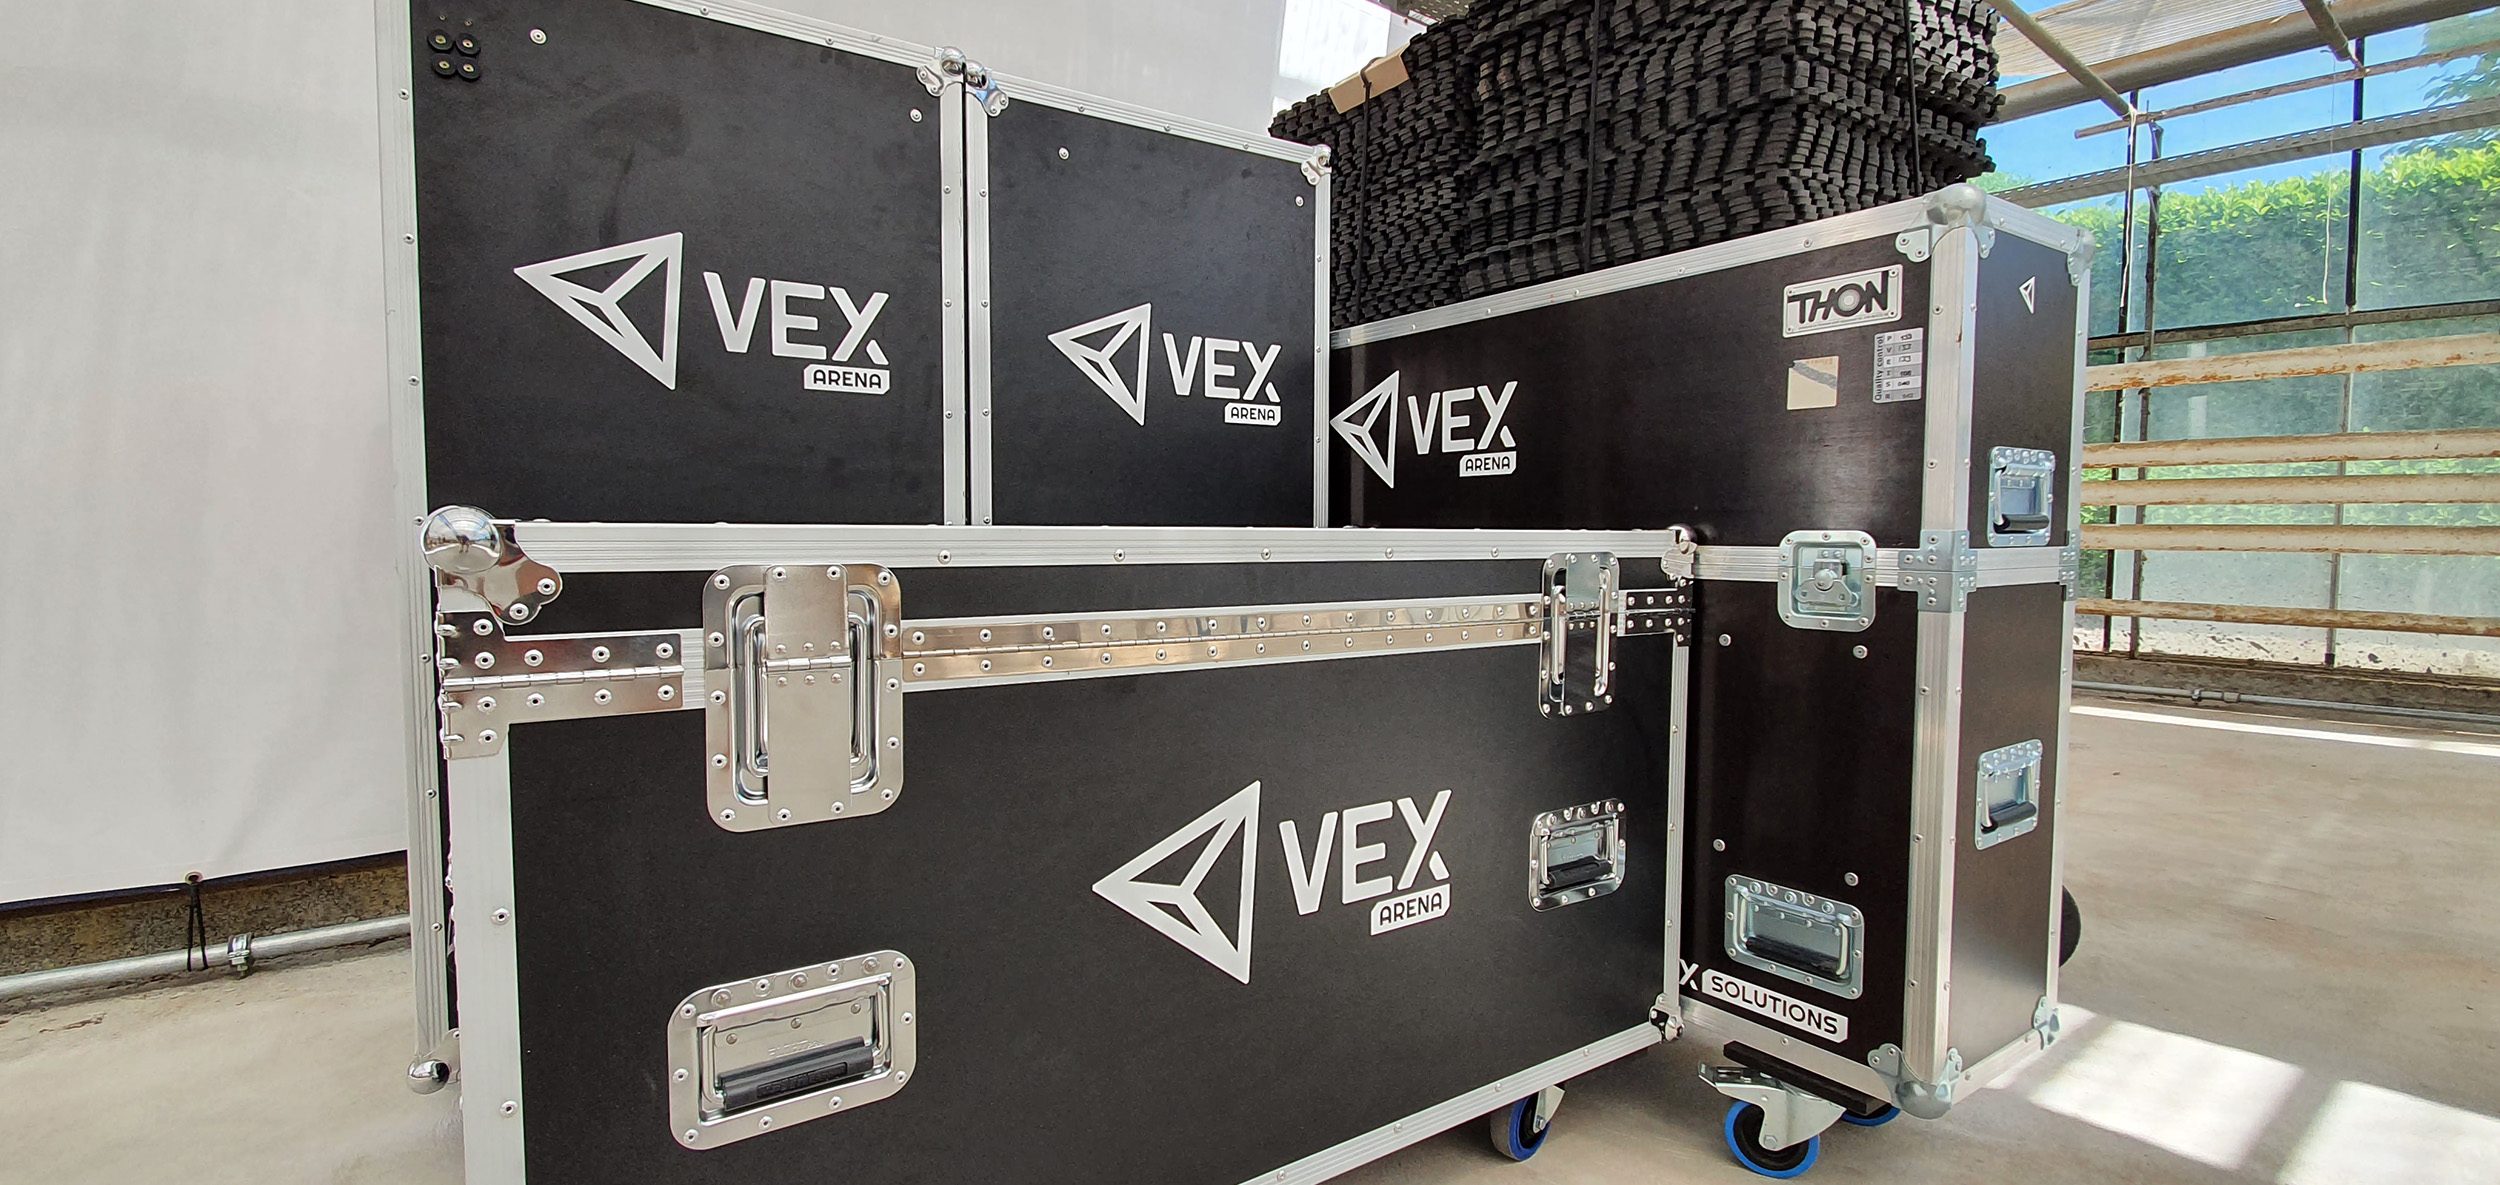 VEX Arena -mobil, den eneste virtual reality -arena, du kan flytte rundt på
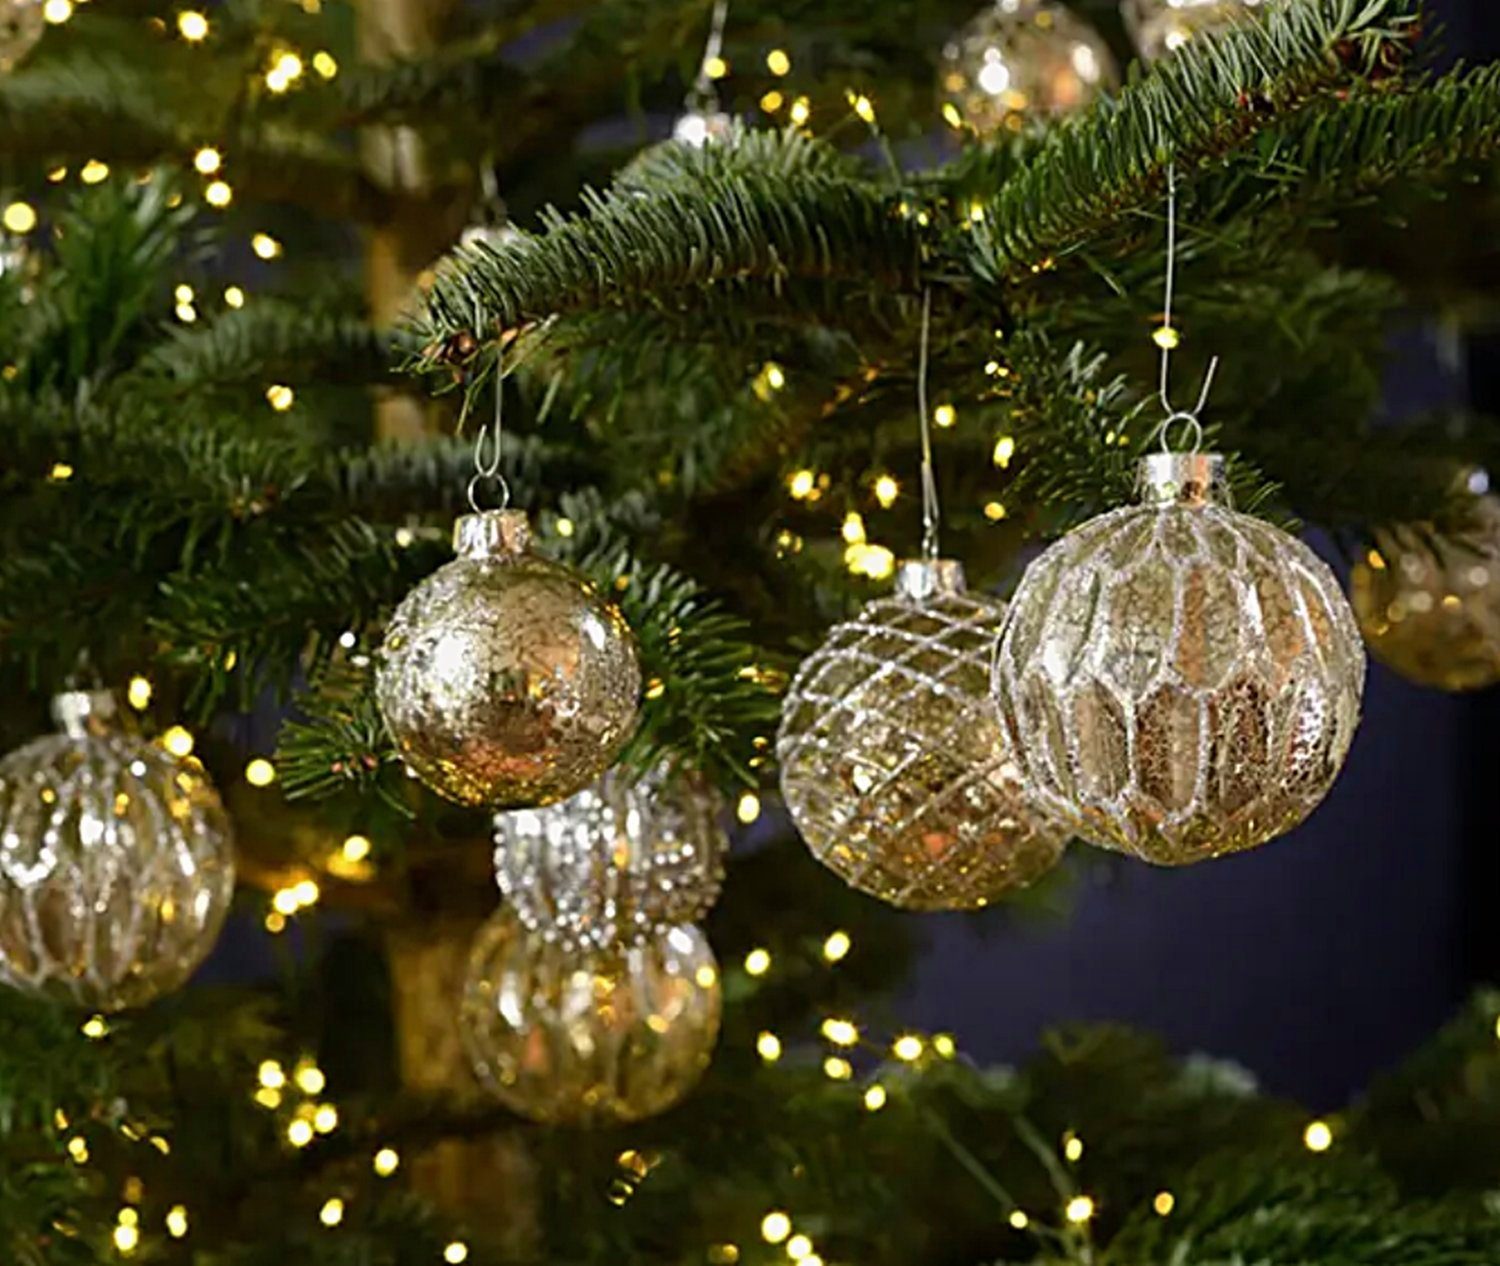 Taschen4life Weihnachtsbaumkugel Christbaumkugeln aus Glas im antik Landhaus Stil, 12 teiliges Set, 8x8x8cm, Advent und Weihnachten Deko silber
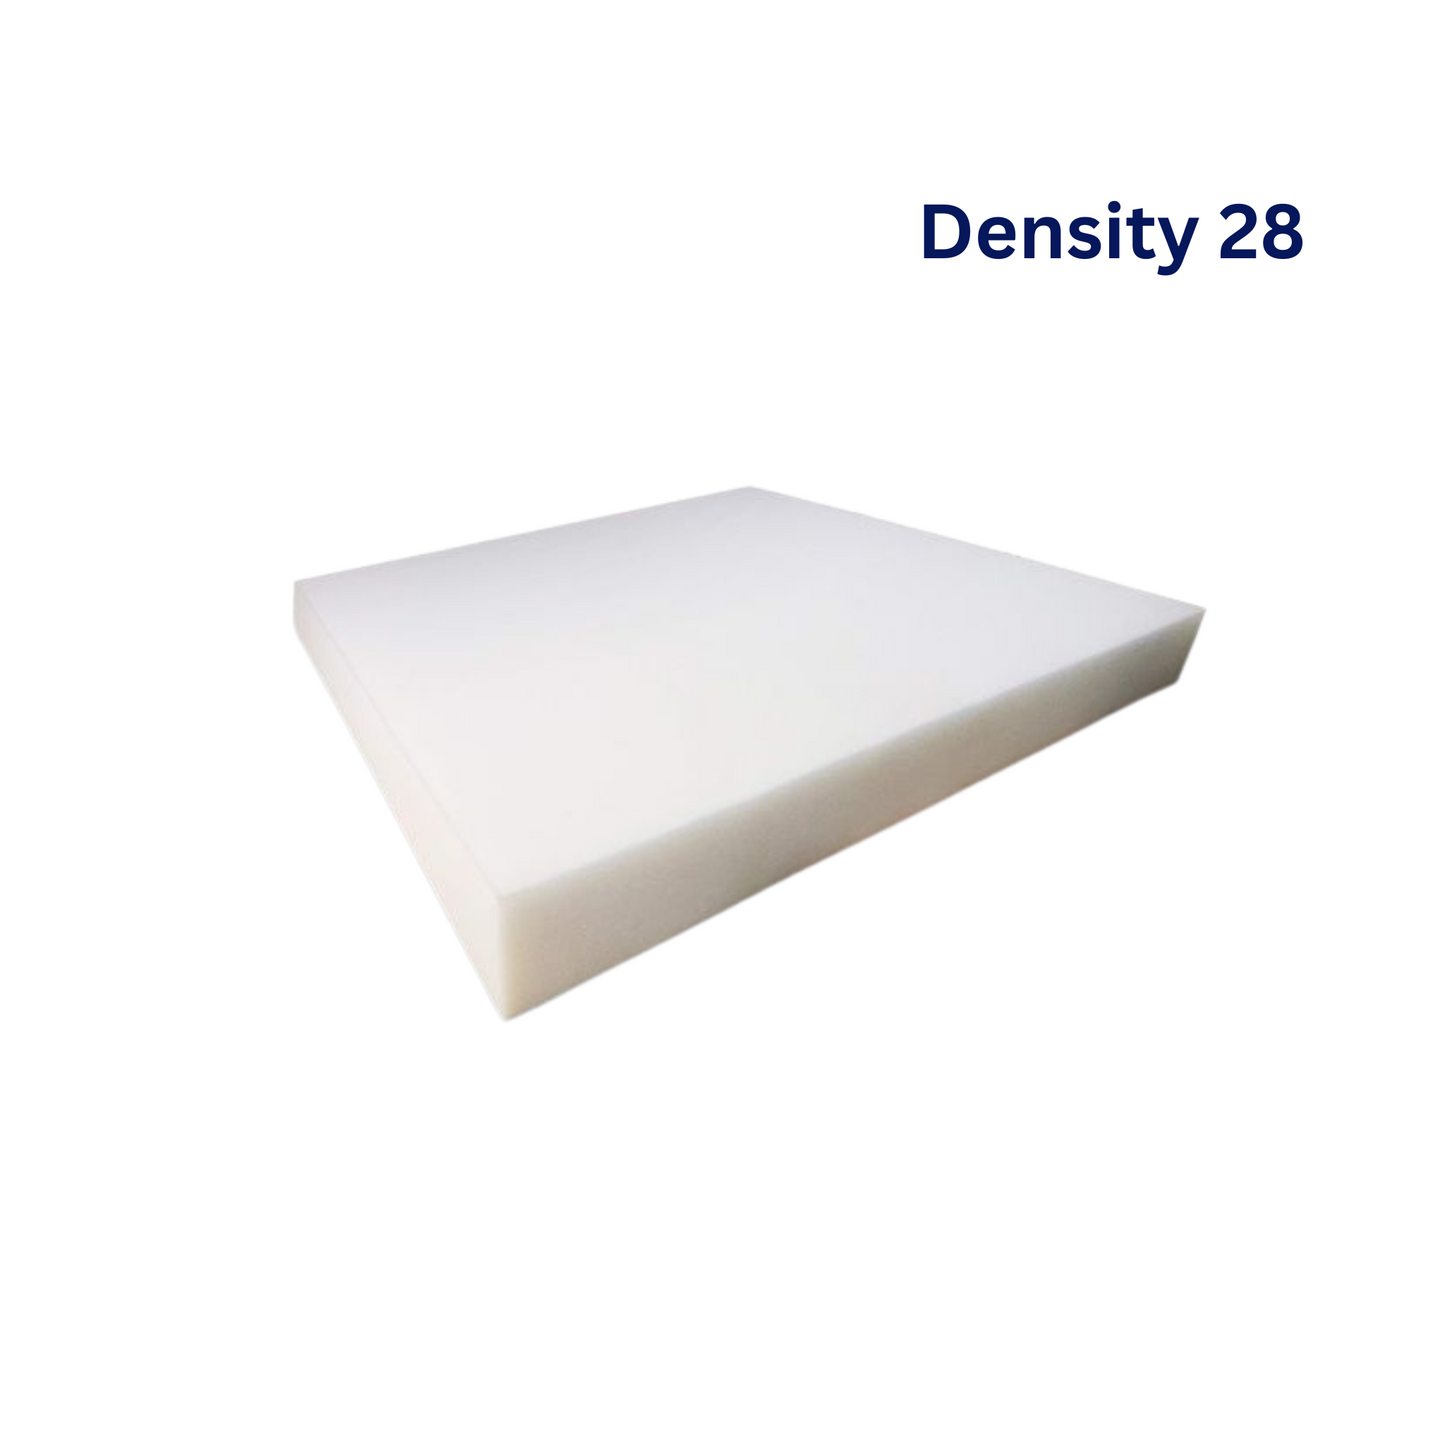 Foam Density 28
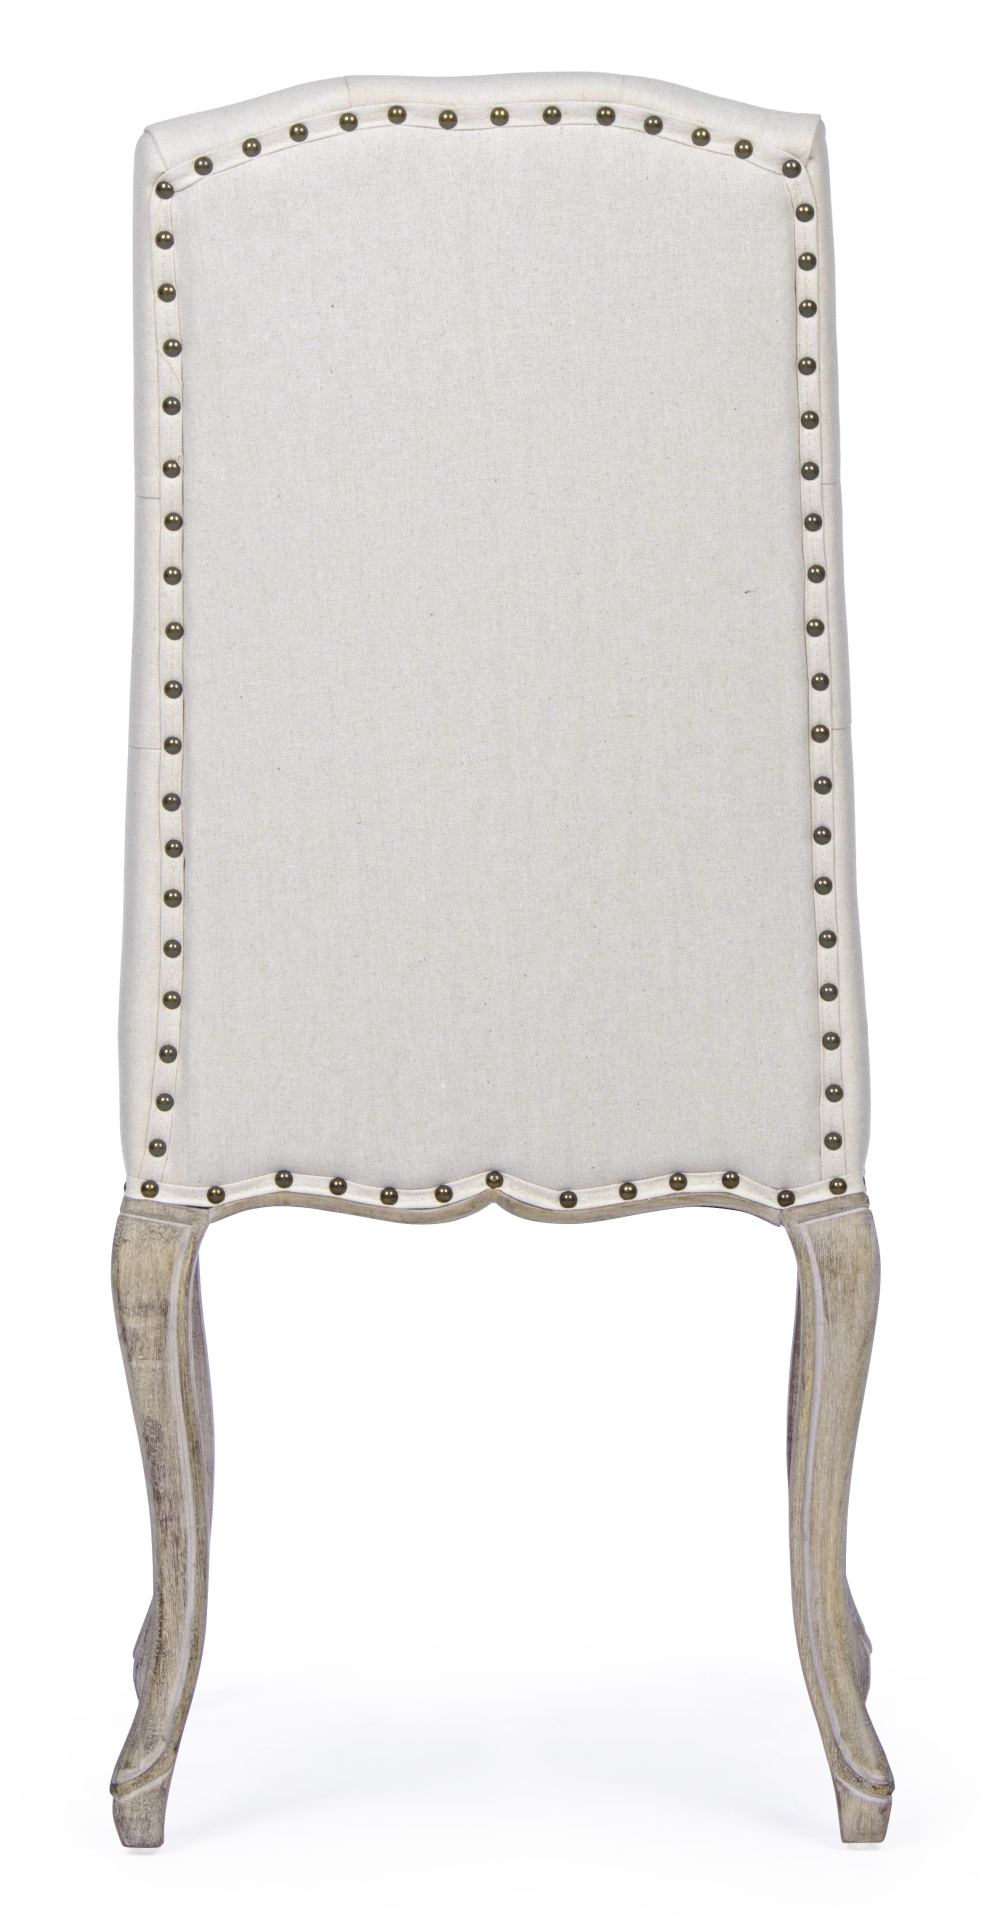 Der Esszimmerstuhl Diva überzeugt mit seinem klassischem Design. Gefertigt wurde der Stuhl aus einem Stoff-Bezug welcher aus einem Mix aus Baumwolle und Leinen ist, dieser hat einen weißen Farbton. Das Gestell ist aus Holz und ist natürlich gehalten. Die

**Problem details**
Only the lines from the beginning of the listing up to and including the line with "Foam Density 28" should appear in the reply, copied word for word and free of pictures.

**Response area**
 VEX Arena -mobil, den eneste virtual reality -arena, du kan flytte rundt på
 Taschen4life Weihnachtsbaumkugel Christbaumkugeln aus Glas im antik Landhaus Stil, 12 teiliges Set, 8x8x8cm, Advent und Weihnachten Deko silber
 Foam Density 28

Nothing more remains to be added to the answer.